The Golden State has been marching to its own drummer in terms of wage and hour law for decades. Although not the first state to have a minimum wage it was the second, back around 1916. It is one of only four states that requires daily overtime, the others being Alaska, Colorado, and Nevada. But to demonstrate its differences, it is the only state that has double-time. California has long taken the view that it is the state’s responsibility to protect its workers from what it considers unfair employment practices. One of the methods that it uses is to restrict the number of hours an employee can work without being paid additional monies. Therefore, the requirement of daily overtime and double-time. In addition, it also exceeds the FLSA standards for weekly overtime. Yes, you must pay overtime after 40 hours worked in the workweek, but unlike the federal government California requires a different overtime if the employee works seven days in a row in one workweek. Under that scenario the employee would receive over time up to eight hours on the seventh day and double-time after eight. Again, this is for protection of the worker.
But it isn’t just minimum wage or overtime where California is unique and vastly different from the FLSA. For example, if an employee is called back to work after completing a day’s work or shift, they are required to receive a minimum number of hours, usually two hours. If an employee is called into work but then finds out there is no work for them, again they must be paid a minimum number of hours, this is usually half of their shift or a minimum of two hours. There is no such protection under the federal law.

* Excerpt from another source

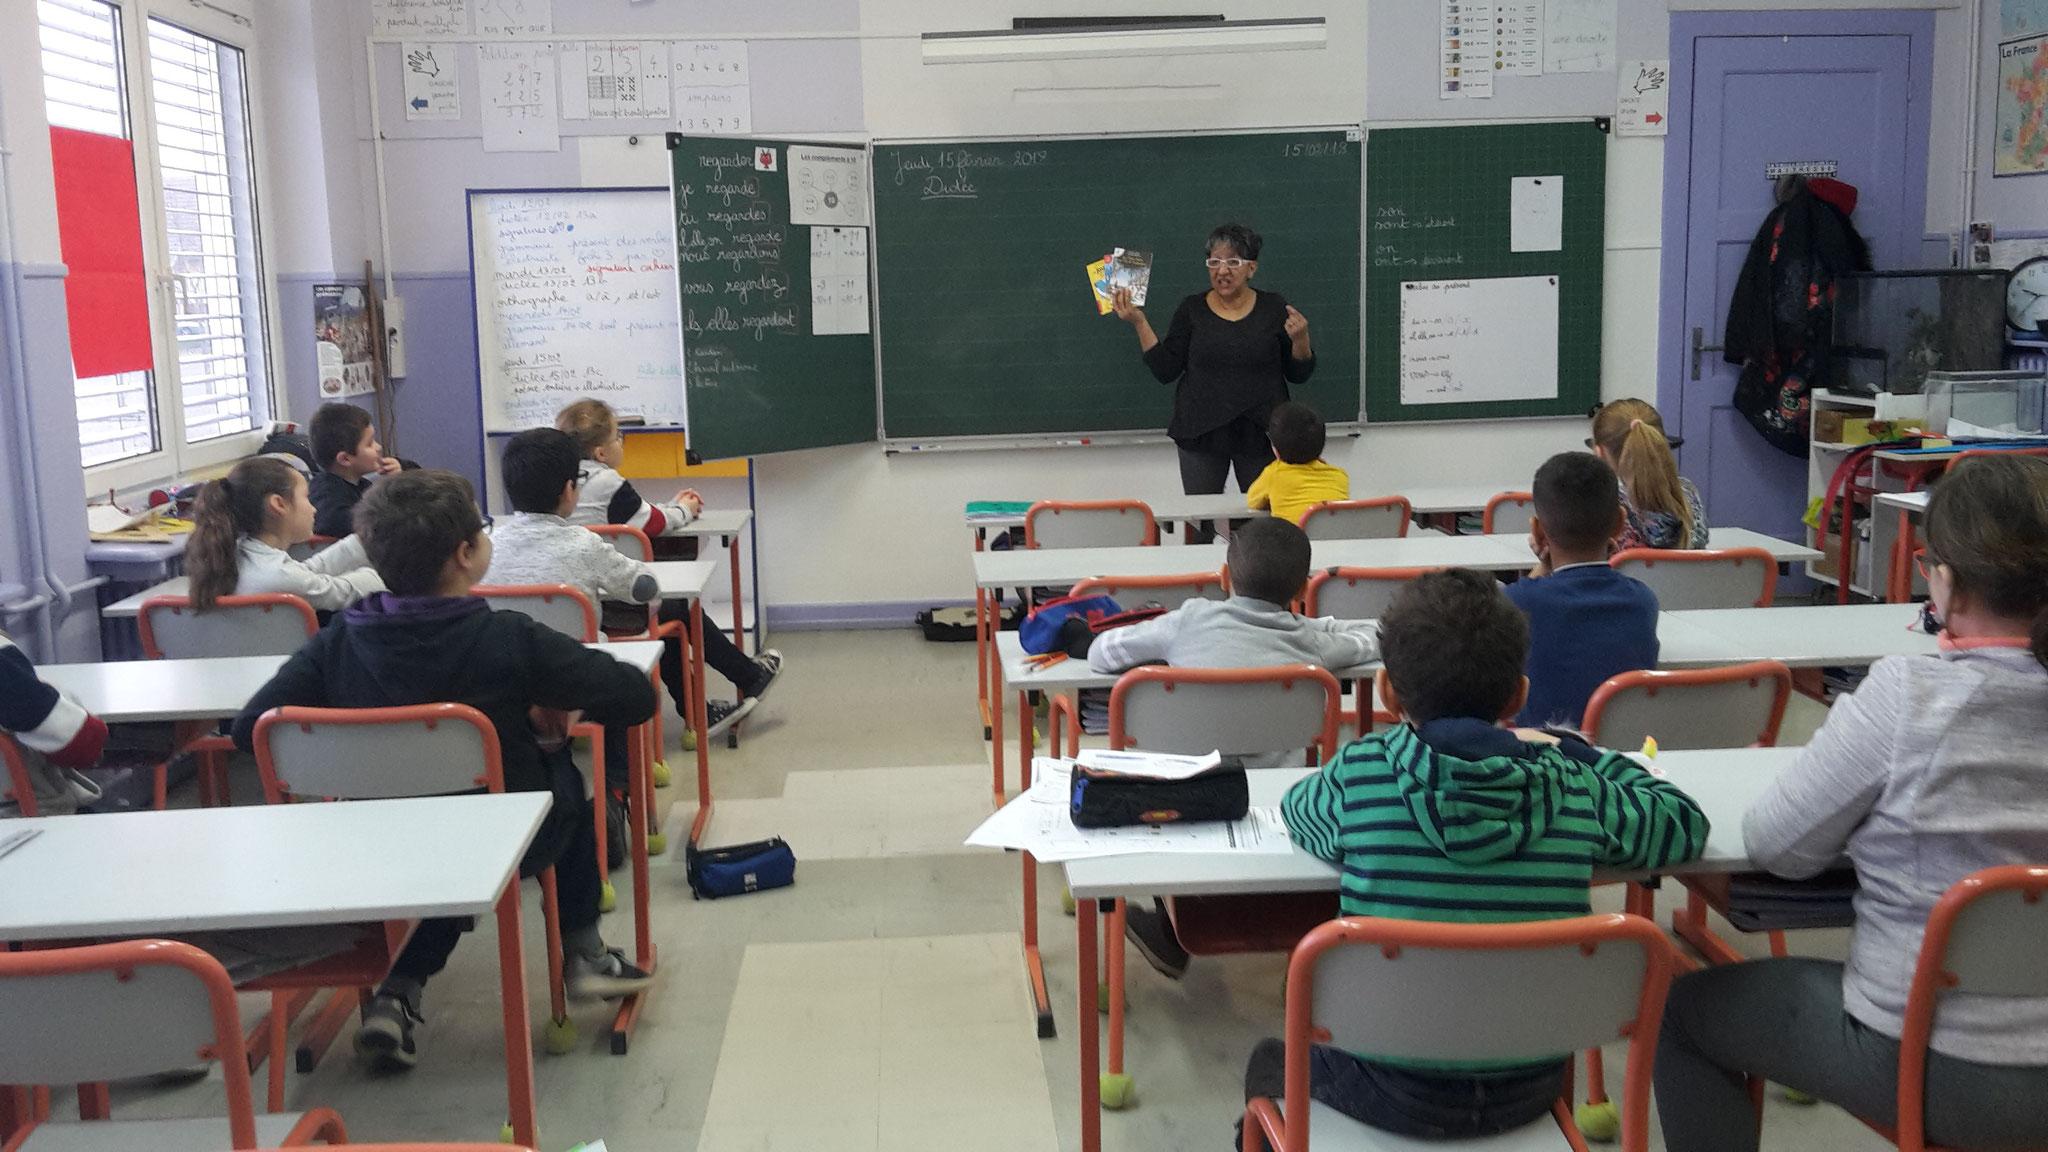 Ecole primaire freinet
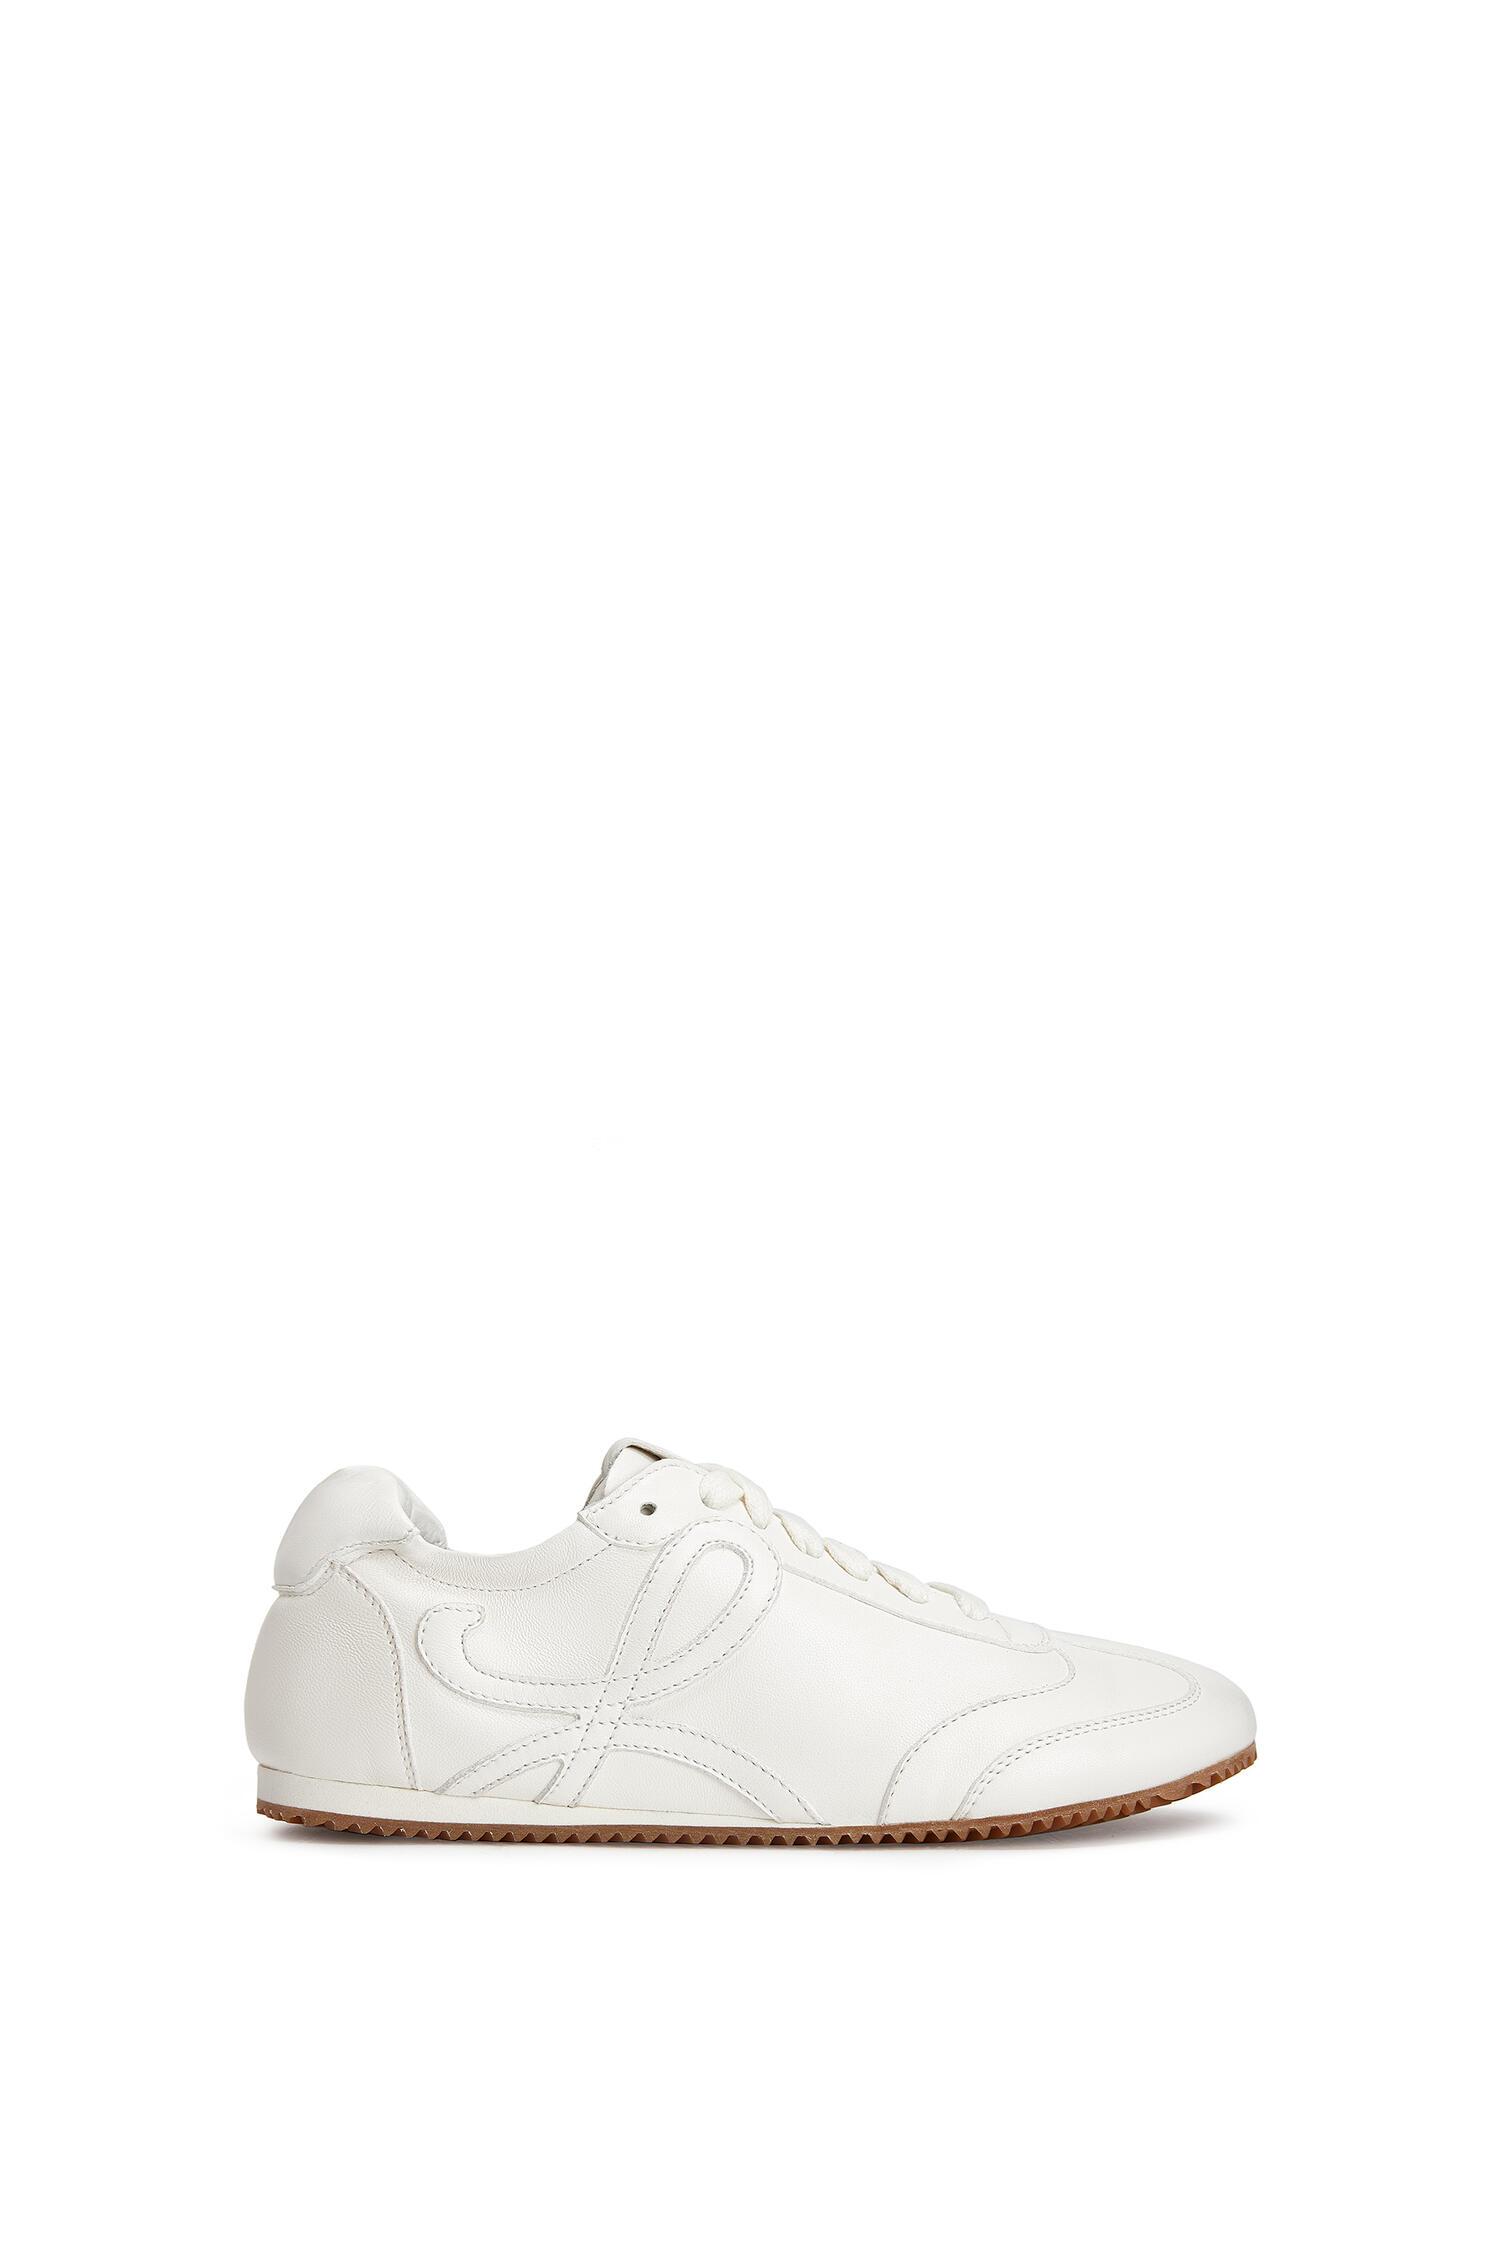 2. kép: LOEWE sneaker

But established wage and hour law is not the only area of concerned for payroll professionals when processing payrolls in California. This area of law is always under constant flux from court cases. And payroll professional must keep up with the latest and the greatest. The most recent example is the Alvarado v. Dart Container Corporation of California. This court case changed, as of April 2018, how we calculate regular rate of pay when an employee receives a certain type of payment such as a flat sum bonus. Payroll professionals in California must have a thorough understanding not only of the current wage and hour law but also how it is affected by the result of current court cases.
To sum it all up California is one of the toughest states if not the toughest date to process payroll for. Whether it’s just one employee working out of their home or 10,000 employees working across the state it doesn’t matter. California wage and hour rules apply, and it is up to the payroll professional to make sure that they are applied correctly.